But the constitution does not clearly state that Kurds are one of the two main people in Iraq. Neither does it convey that Iraq as a country is a voluntary union between two peoples, Kurds and Arabs, or a voluntary union between two homelands, Kurdistan and the homeland of Iraqi Arabs. As illustrated earlier the people of Kurdistan have not been mentioned as a people in the constitution. The preamble of the constitution does not link any nations or ethnic groups to the Kurdistan Region.

Previous Iraqi constitutions during the Baathist governments of Ahmed Hassan Al-Bakr in 1970, and Saddam Hussein in 1990, as well as the transitional Iraqi constitution of 1958, state clearly that Iraq is composed of two people, Kurds and Arabs.
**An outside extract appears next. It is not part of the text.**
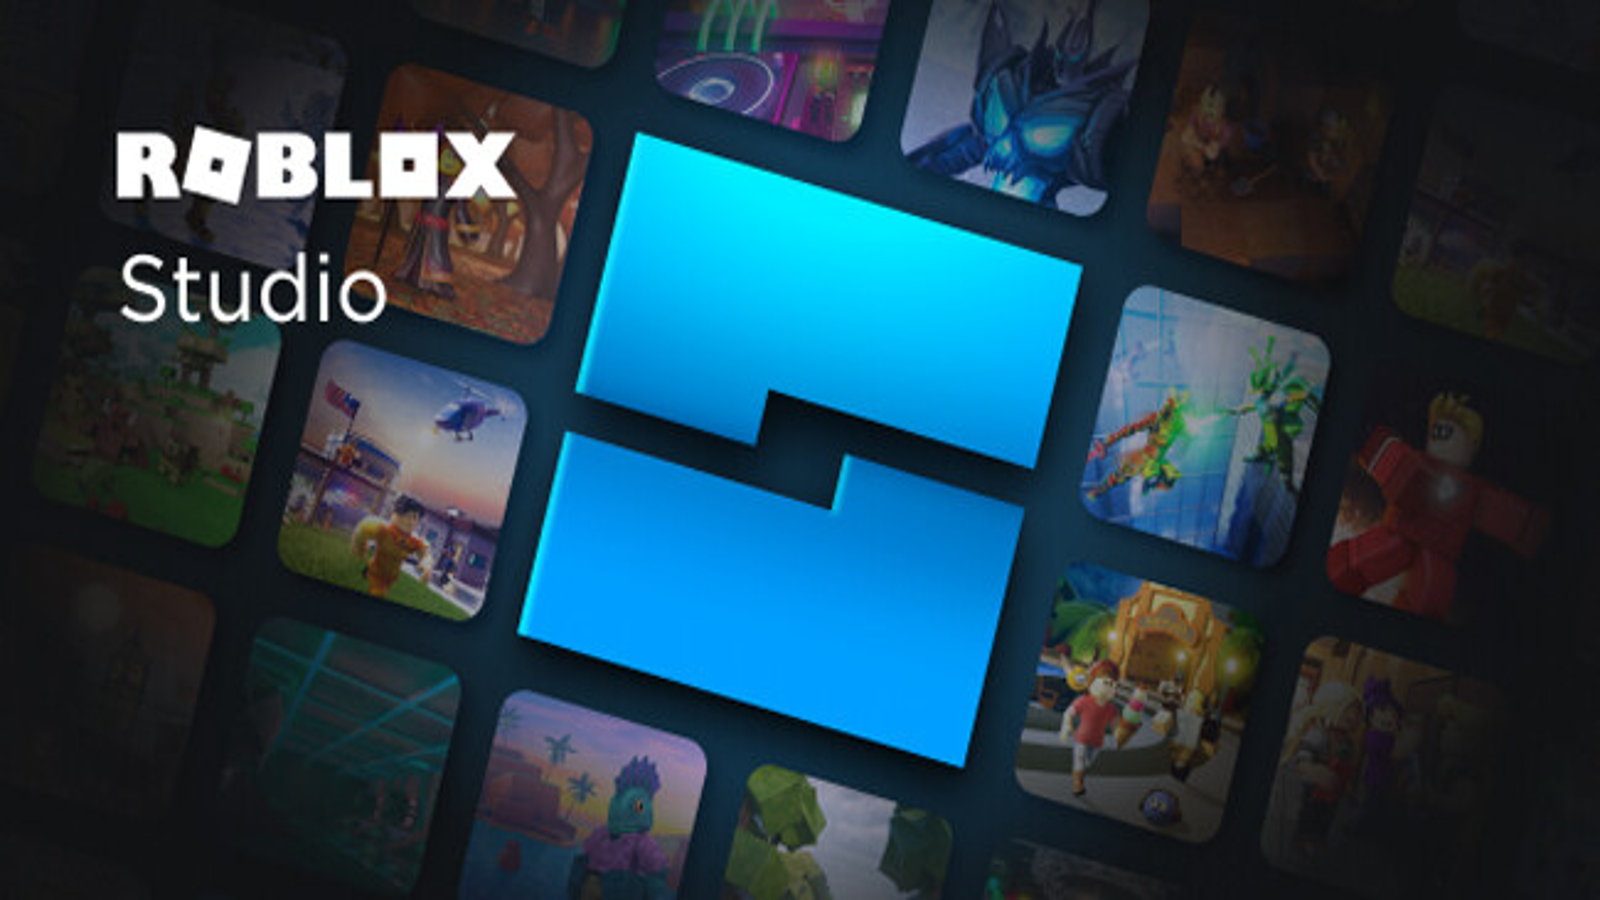 How to Get Started with Roblox Studio (Step-By-Step Guide for

It is clear that the people of Kurdistan have vanished as a people in the new constitution. If Kurds and Arabs are equal in Iraq and if Kurds are not second-class citizens, like the other constitutions suggested, the constitution must be revised. Iraq must be described as a union between Kurds and Arabs. The geographical borders of these two Regions must be stated in the constitution.

Iraq is a voluntary union between Kurds and Arabs

There are major contradictions between the statements of the Kurdish President Barzani before and after his visit to Baghdad. He never delivered what he promised to the Kurdish people in the Kurdish Parliament. The Iraqi constitution does not describe Iraq as a voluntary union between two people, Kurds and Arabs, yet, according to the President of Kurdistan, the constitution does describe “Iraq as a voluntary union is equal to self-determination rights”. This is a wrong interpretation.

Let us take another example. The “Kurdish language” is mentioned in Article 4 and the “Kurdistan Region” in Articles 5, 114 and 137. But Kurds, as a distinct people, have not been mentioned anywhere in the Iraqi Constitution. Ironically, Turkmens, Assyrians and Chaldeans are mentioned in Article 122 as distinct people.

Article 1 states that “the ruling system in Iraq is a parliamentarian, democratic and united," but it does not clearly state the parties involved in this union. Later, Article 3 states that “Iraq is a multi- ethnic, multi-religion, multi-sect country and it is part of the Islamic world."

Article 133, while placed at the end of the constitution, is the most promising. Article 113 states “The union system in Iraq is composed of the capital, the Regions and the decentralised Governorates (Muhafazat) and the Regional authorities”.

If we describe this “Union” as “federalism” - without forgetting that federalism and unions are two different concepts - Iraq is re-established on the basis of “administrative federalism” and not geographical, ethnic or historical regional distinctions. Similarly, Article 114 part 2 supports the establishment of other administrative regions, stating, “This constitution will recognise other regions which might be formed according to the constitution”.

This constitution's federal system - union system - is vague, and the authorities of the regional governments are very limited and weak. Chapter 5, Articles 113 to 123, explain authorities of regional governments cannot be compared to the authorities of the dominant central government. Additionally, Article 118 states that regional governments cannot interfere with the agendas of the central government. Regional constitutions and laws must not contradict the central constitution as described in article 13. The regional constitutions therefore must shadow the central government’s constitution (Articles 13 and 118).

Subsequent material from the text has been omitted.